There's no simple answer to whether you should own bonds.
March 20, 2014 -- Conventional financial wisdom holds that bonds are an essential part of any portfolio. But while bonds can play an important role of adding security, whether to include them – and if so, at what level – isn’t an automatic decision.
Current economic conditions don’t favor making many types of bond investments. But even for the long term – in good economies and bad – determining asset allocation to bonds is a complex undertaking that varies with the individual. You should start by asking a critical question that should apply to every component of your portfolio: What role do you expect bonds to play and why? To answer that question, you must understand the risks, advantages and dynamics of bonds and the different types of bonds and bond products accessible by most investors.
The right bond investments can play the important role of capital preservation and risk management for investors, including many women who, as a gender, tend to have a lower risk tolerance than men. This tendency has served women well because, studies show, they tend to make fewer investing errors than men.
Yet, the notion that all women or men should necessarily have a substantial part of their portfolios in bonds stems from the myth of the average investor — a plain-vanilla, typical investor. In my practice, I’ve never met that investor. Each investor is different, so it doesn’t make sense to average their characteristics together and come up with a one-size-fits-all recommendation that actually applies to few people.
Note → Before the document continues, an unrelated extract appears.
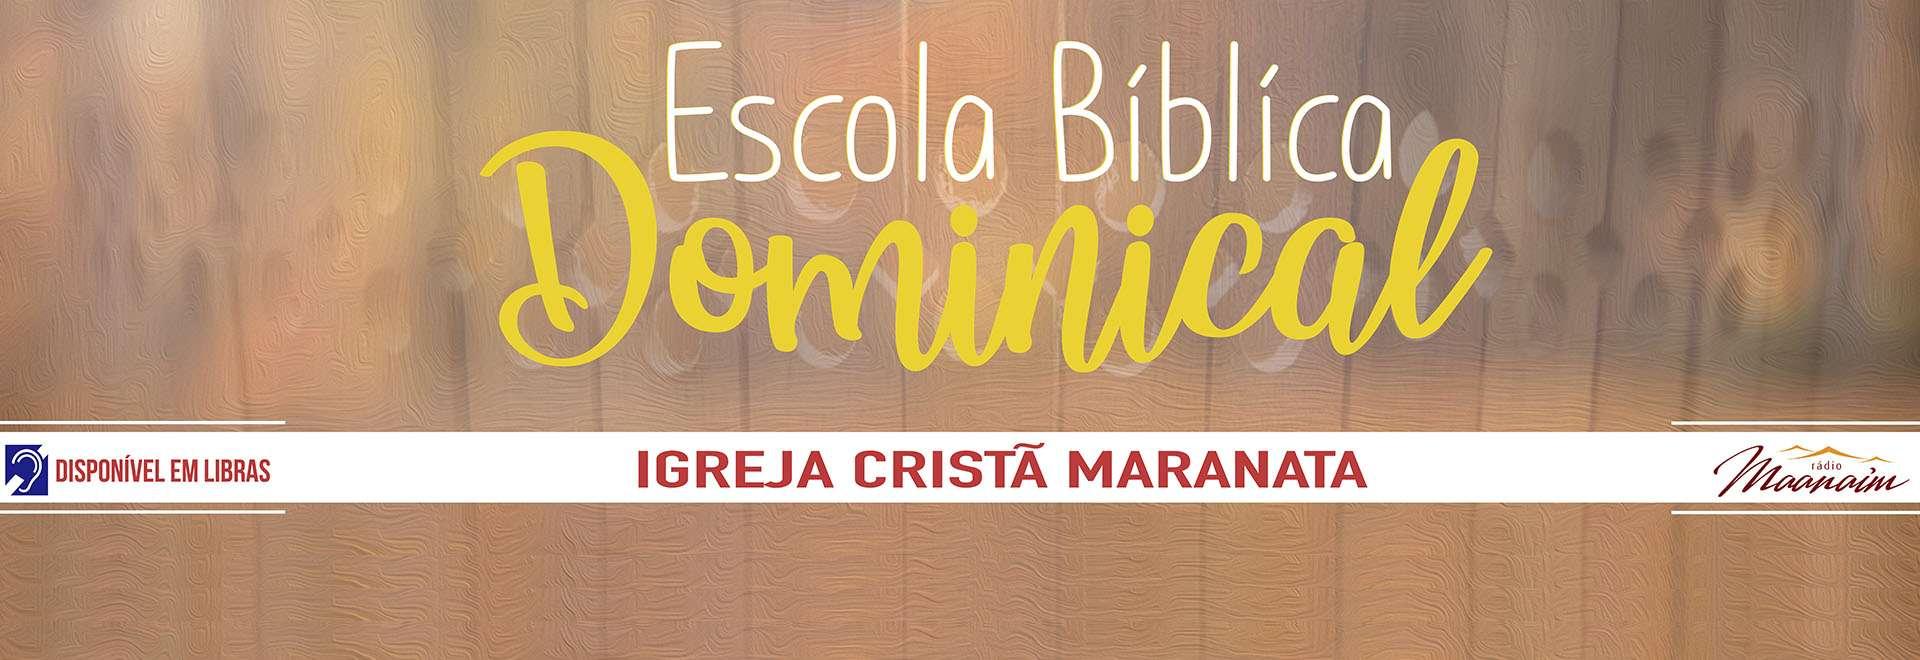 Participações da EBD da Igreja Cristã Maranata - 07/03/2021

For example, I have a middle-age client who chooses not to own bonds and instead owns an otherwise diversified portfolio that includes stocks and alternative investments (natural resources, real estate and international stocks). I support his decision because this suits his situation. He can do without bonds because his substantial “bond-like” income is secure and he has ample cash reserves to protect him from damage due to severe dips in the stock market. He also has a high risk tolerance. I wouldn’t recommend a bondless portfolio to people with shorter time horizons, insecure income, lower cash reserves or a lower risk tolerance.
Many people believe that as soon as they turn 65, they must cash in stocks and convert their entire portfolios to bonds to eliminate risk because of fears that the stock market will crash. Ironically, in doing this they’re creating longevity risk – the risk that their resources won’t keep pace with expenses over the next 20 or 30 years. So, in focusing too much on bonds, they trade one risk for another.
They make this mistake because advisors have traditionally recommended an increasing percentage of bonds in portfolios as investors age. This recommendation is based, in part, on the widespread belief that bond prices aren’t correlated with stock prices — that their prices move in opposite directions. But this isn’t necessarily the case with corporate bonds, whose prices move in the same direction as these companies’ stocks far more often than is generally understood.
Numerous studies point out periods when stocks and bonds have indeed been correlated, and you don’t need a Ph.D. in finance to know that this happened in 2008 with corporate bonds. If you had investments in stocks and corporate bonds then, you still remember the pain from declines in both. (However, government bonds and international bonds did well in 2008, providing portfolio relief to those who owned them.)